**Supplied entries:**
┌──

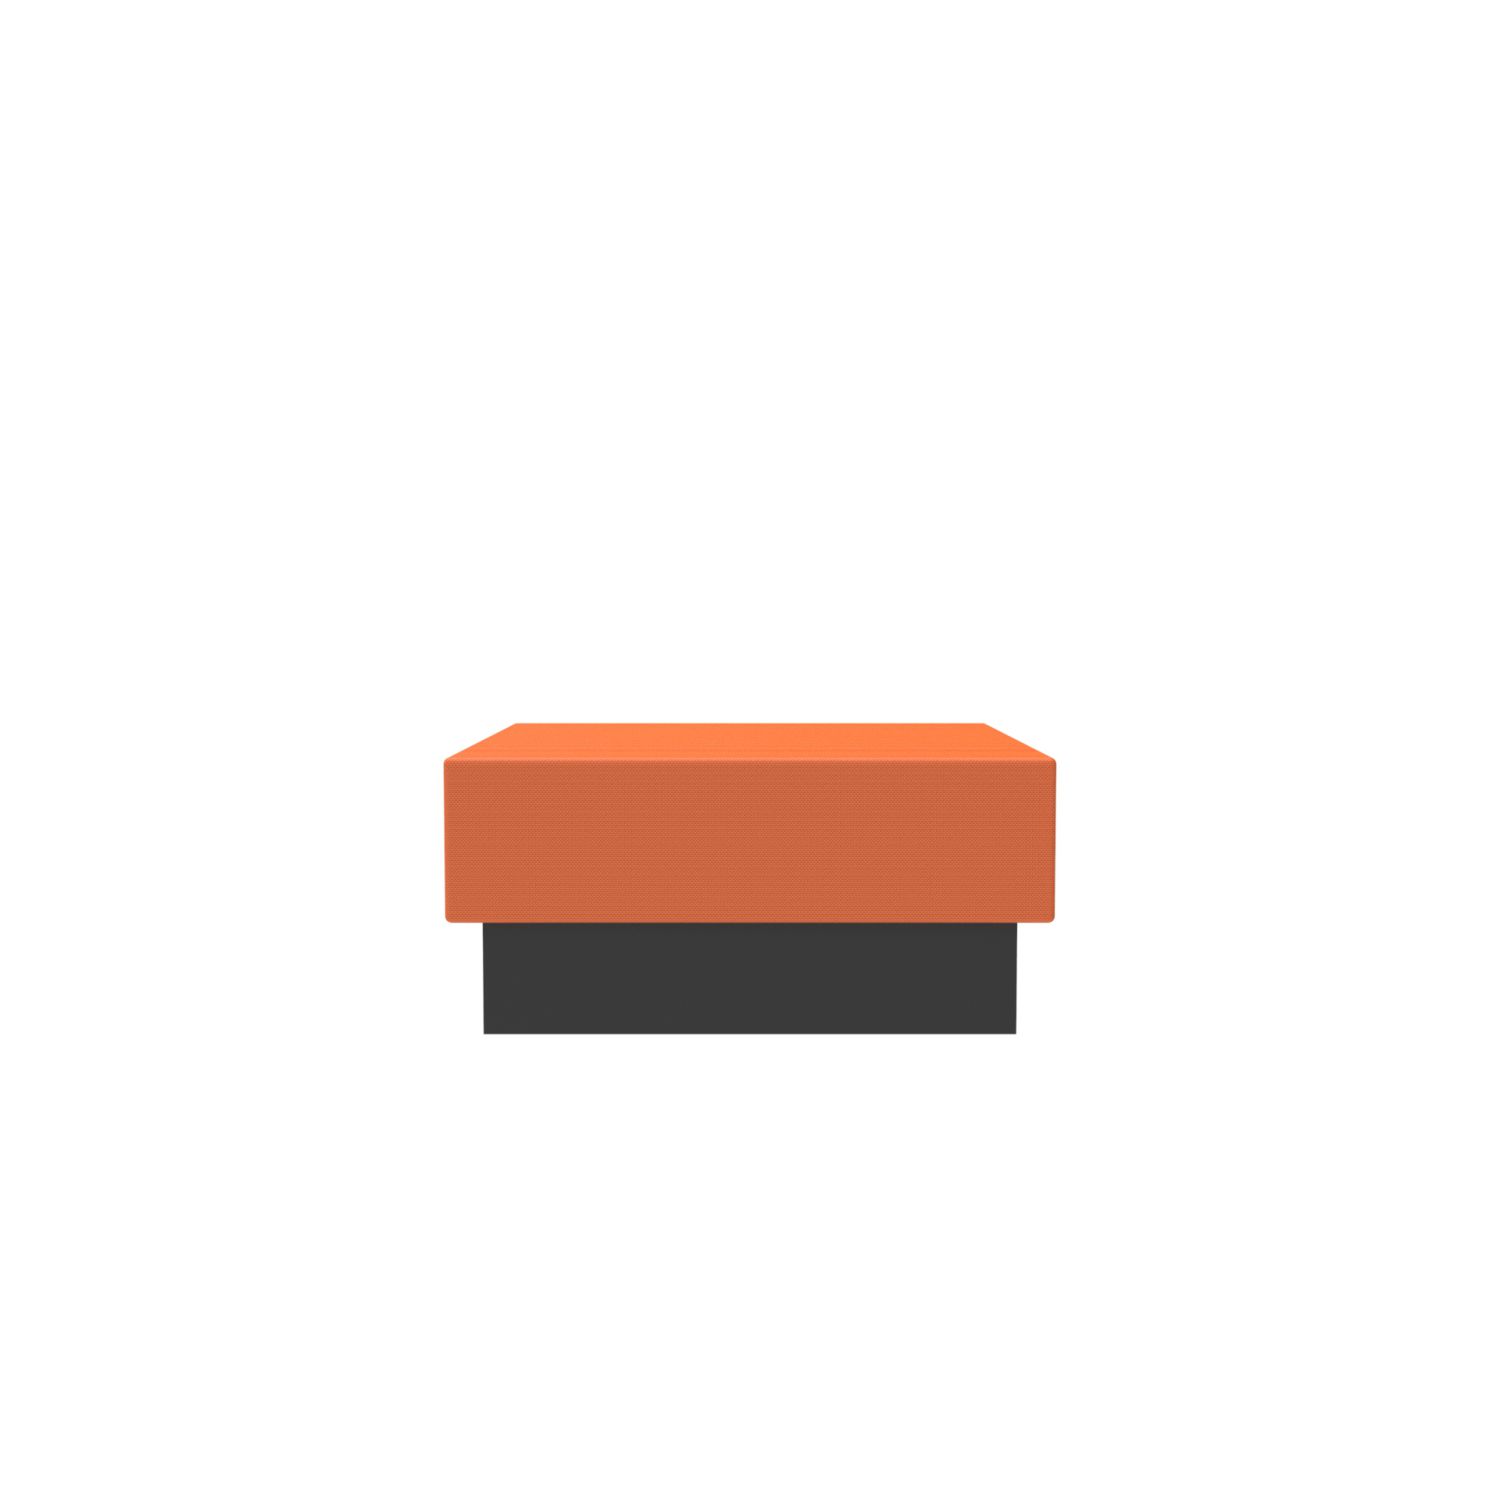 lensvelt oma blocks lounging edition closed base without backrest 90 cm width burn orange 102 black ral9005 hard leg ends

└──
┌──

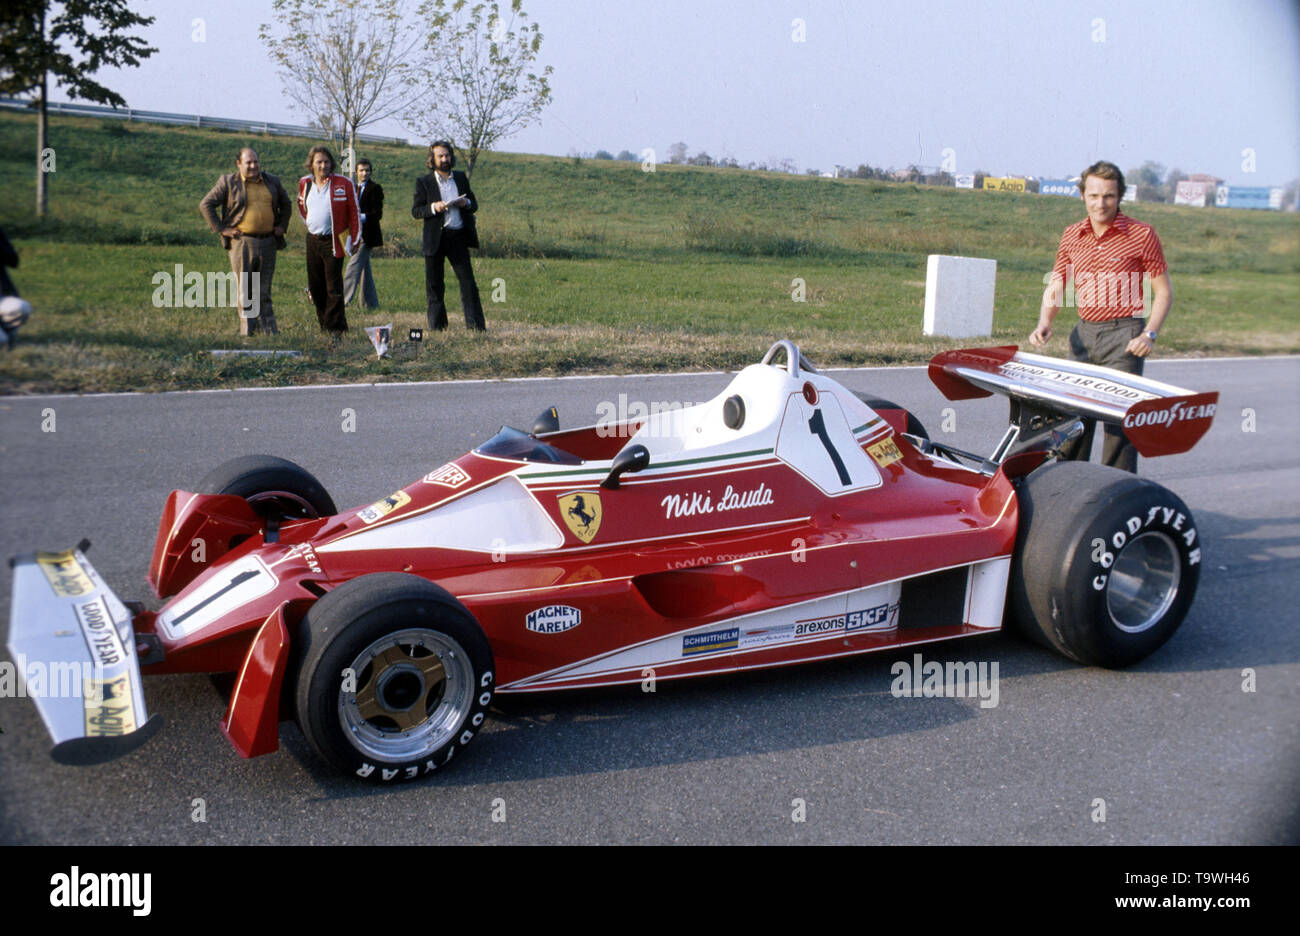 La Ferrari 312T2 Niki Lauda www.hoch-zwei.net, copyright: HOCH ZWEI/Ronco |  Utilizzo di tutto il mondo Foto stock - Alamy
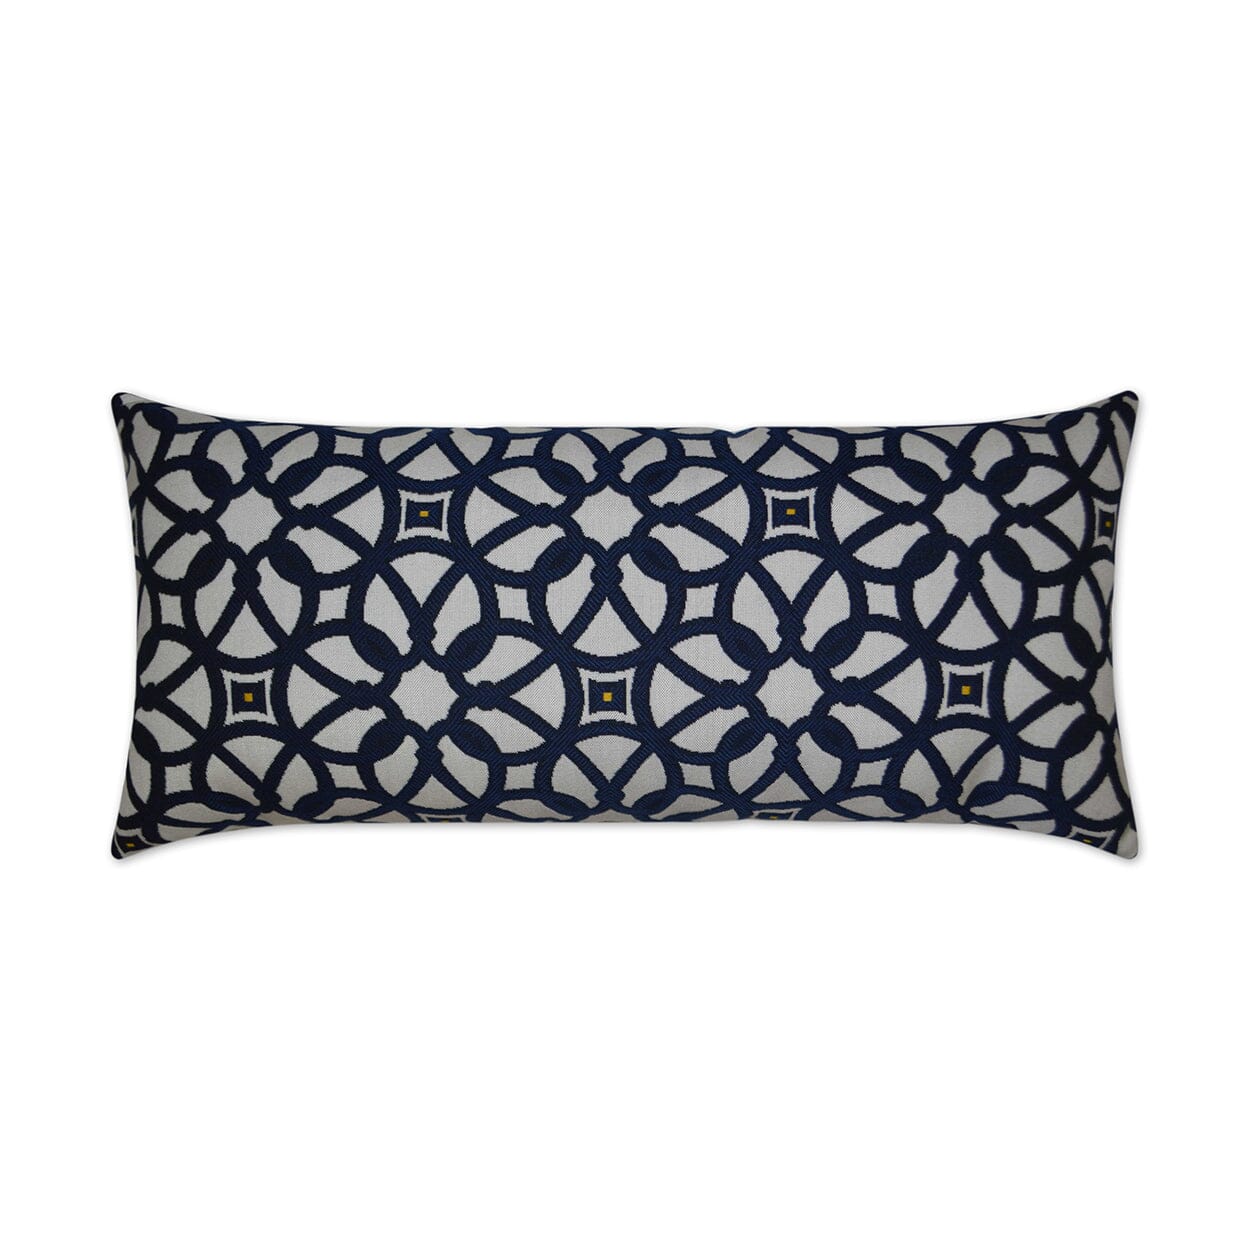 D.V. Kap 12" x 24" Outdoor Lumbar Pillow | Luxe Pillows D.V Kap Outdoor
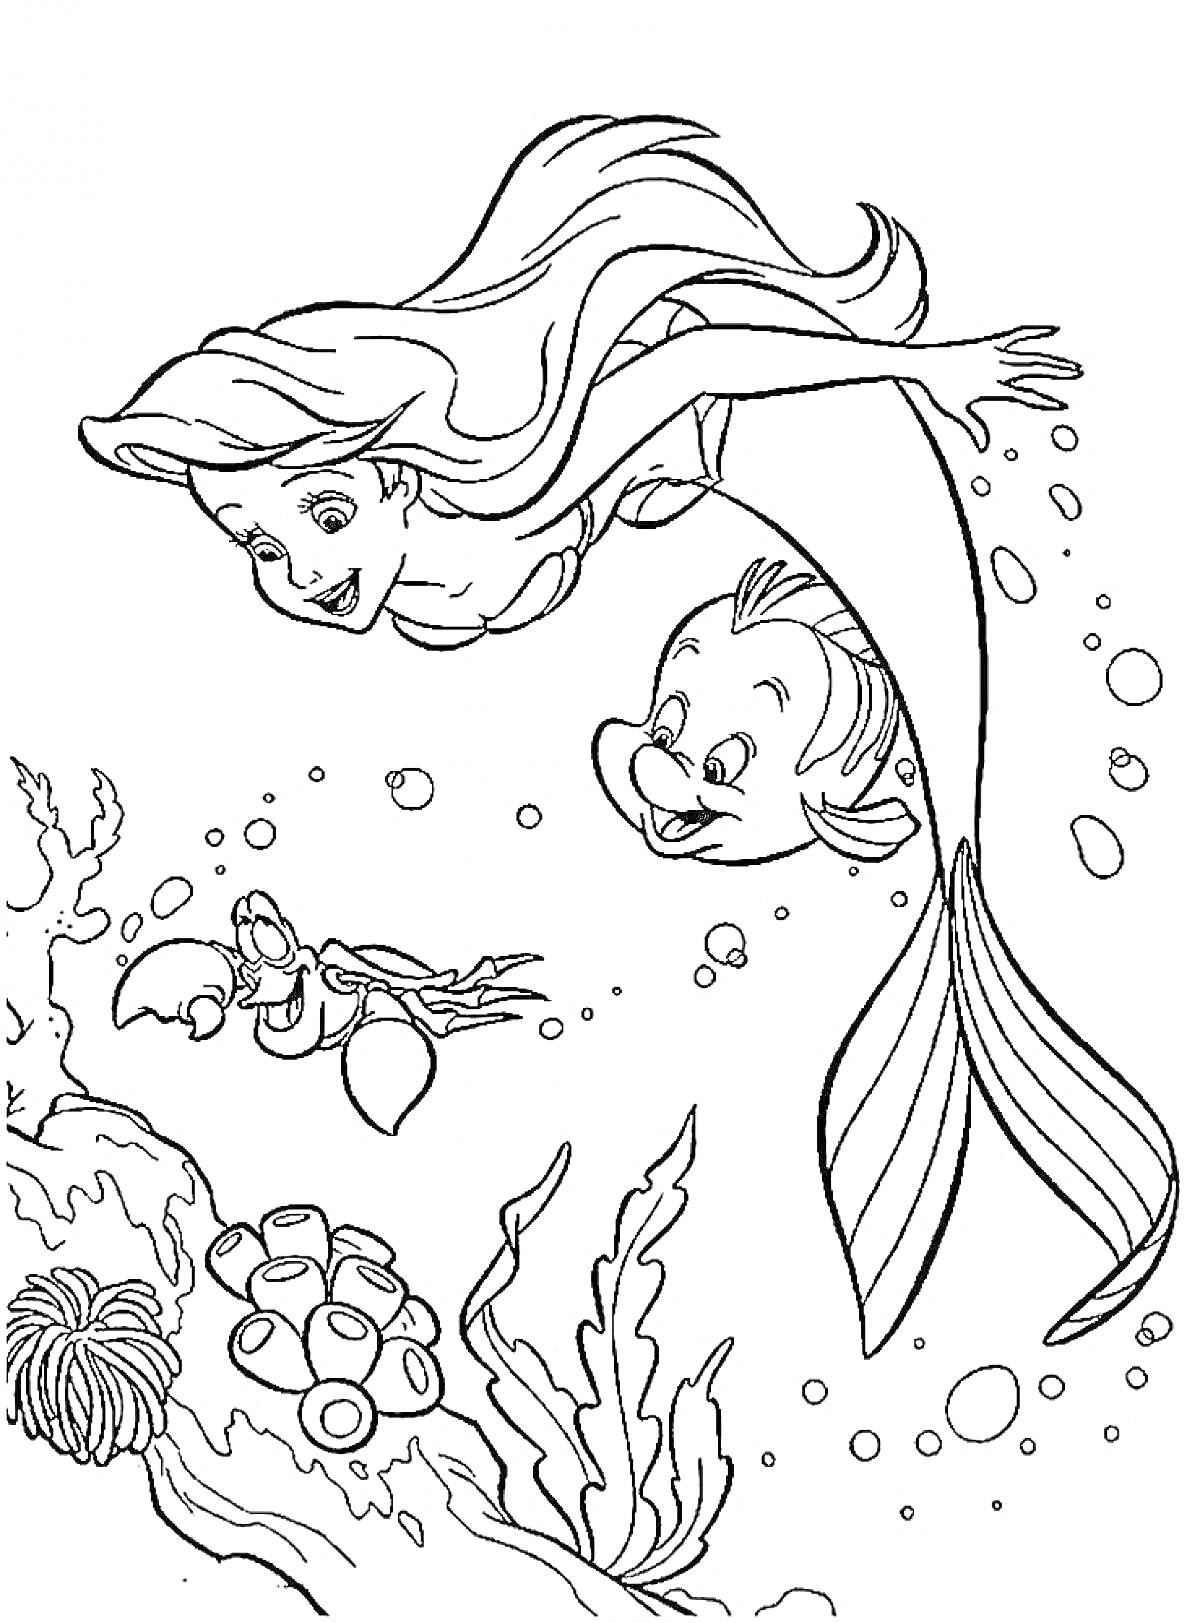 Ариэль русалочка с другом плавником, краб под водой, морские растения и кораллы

└──
┌──

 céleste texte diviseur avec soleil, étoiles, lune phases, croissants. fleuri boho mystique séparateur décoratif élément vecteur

└──

**Directions for this task:** Leaving out each picture, repeat exactly the lines above from the one that contains "D.V Kap Outdoor" through the one that contains "Ариэль русалочка с".

**The answer:**
 D.V. Kap 12" x 24" Outdoor Lumbar Pillow | Luxe Pillows D.V Kap Outdoor
 Ариэль русалочка с другом плавником, краб под водой, морские растения и кораллы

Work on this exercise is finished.